Chapter 30

You know how I told you that I was always the silent kid. It used to bug me alot in the past because it made me feel that I couldn't make friends because of it and that I felt like I was unlikeable. I thought that people just beared me and never really genuinely liked me. I was just a ghost that was rarely seen in any photographs and I definitely thought that people were annoyed by me. I was so scared that I won't find any friends and would be left all alone. Maybe that's why I started to act loud and fun even if it meant downing my social battery. I started being too available for anyone. Didn't matter what time or place or situation it was, if they wanted me then I would be there. I did so much for people who didn't even try to give me the bare minimum. Even after all that effort I still felt very lonely. I didn't know why and I kept sinking in the deep pit of self doubt.

But things really changed for me after that three months training. Things were tough but it made me realize stuff. I barely talked with anyone and even thought that I could stay all by myself. It became a habit and I stopped seeking validation of others. Even if I was the quietest girl in the dorm people still talked about me.
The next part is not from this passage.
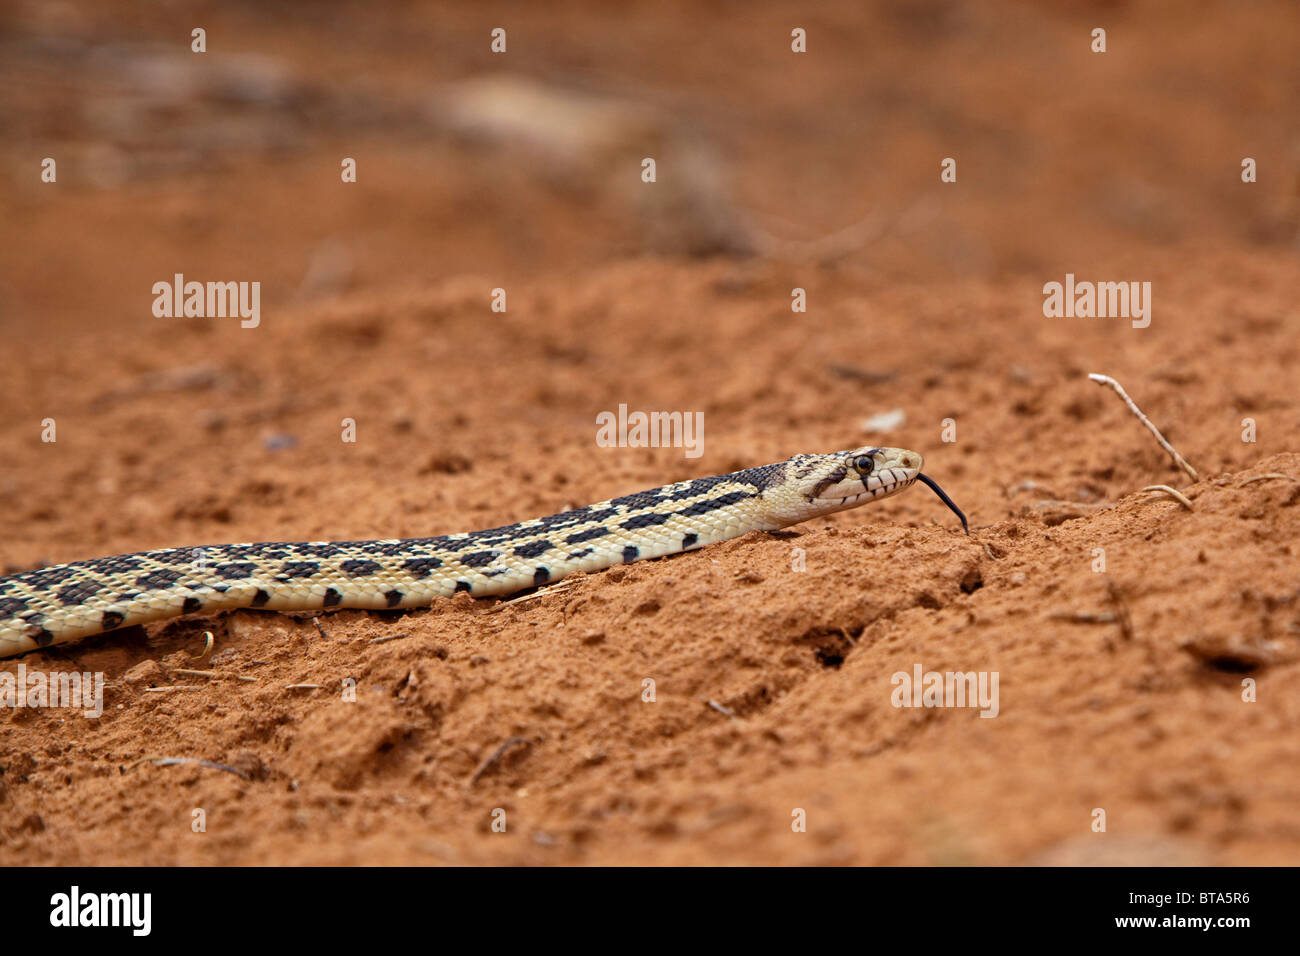 Great Basin gopher snake (Pituophis catenifer deserticola), USA, America Stock Photo

But this time they were appreciating me for how independent I seemed. People were attracted to my nonchalant attitude and all of them would try to talk to me. They truly found me interesting and would talk to me about how cool I was. They were in awe of how both lazy and efficient I was. Yes they considered me lazy because whenever we got free time I would always be laying on my bed and hardly moved. But they were utterly surprised when I would get ready in the span of 3-4 minutes while they were still busy applying sunscreen or brushing their teeth. They appreciated me for my honesty. They loved how random I was.

They loved how I was able to fall asleep as soon as my head touched the pillow and slept undisturbed even if they were shouting or talking loudly. That clicked something in me. I didn't have to pretend to be someone I was not just so I could be liked by others. Staying true to myself was one of the major things I learned there. Even if I was totally boring people were still attracted to me. Which brings me to the conclusion that if they truly love you then they will accept you in any form and that you don't necessarily have to lose yourself in the process of finding someone to stay with you. I met this girl L at the training center. She and I always stayed together during that time and we were polar opposites of each other. She was chatty and lively while I was the silent one. She was the one who befriended me in the first place and when she first met me, she found me weirdly amusing. We were eating together with two other girls and when I was done with my food I just left without saying anything, no explanation or anything and since she came from a family oriented background it was not usual for someone to stand up and leave first when they were eating together. And when she saw me do that one of the girls (who knew me before her) told me that I was just that way and lived accordingly to my rules. She told them that I was independent and L was so impressed with me after that.

We became really close, almost like sisters if you ask me. We would insult each other and even playfully hit each other but none of us minded it. Sometimes the girls in our dorm would get shocked at how we were conversing with each other. I would call her baby elephant and I had become really tanned from the training so she would tease me back by saying that I should go and apply sunscreen instead of arguing with her.

Those were the good old days. I once remember her telling me that she sometimes wished to be like me and when I asked her why, she told me that she liked how carefree I was. How I never looked stressed or how I rarely cared about anything except for food (yes I became a devoted foodie after I reached there) and how I never really found the need to impress anyone. I was just existing and living in my own world peacefully. I wanted to say that she was wrong but I then thought about it and grasped that she wasn't wrong. I had stopped worrying about anything after reaching there. I didn't care about anyone and just focused on living my life to the fullest. The only thing I was worried about was when I would get to eat my food. I was becoming happier.

That's strange, because even if I had tried to find peace in the past I never found it once and kept having emotional roller coaster rides but when I stopped trying that's when I found it. I unintentionally turned into the person I always wanted to be. I had become someone that I could proudly show to my teen self. Now you might be thinking why I'm suddenly talking about this? Well I'm telling you this to take it as a sign to stop finding. It will be hard at first especially if you're like me, someone who craved for happiness for her whole life and tried fill that void by pretending and not setting proper boundaries and getting hurt time after time. You know what's the best solution for that? Run away from that place, leave them, be alone, be your truest and unapologetic self, be selfish and stop caring about what others might think. Let them, if they think that they have the right to judge you, don't burst their bubble but instead you continuously learn to chose yourself. If you lose friends in the process then they weren't even worthy of your time in the first place. What matters most is that you make yourself happy because, if it isn't you then who.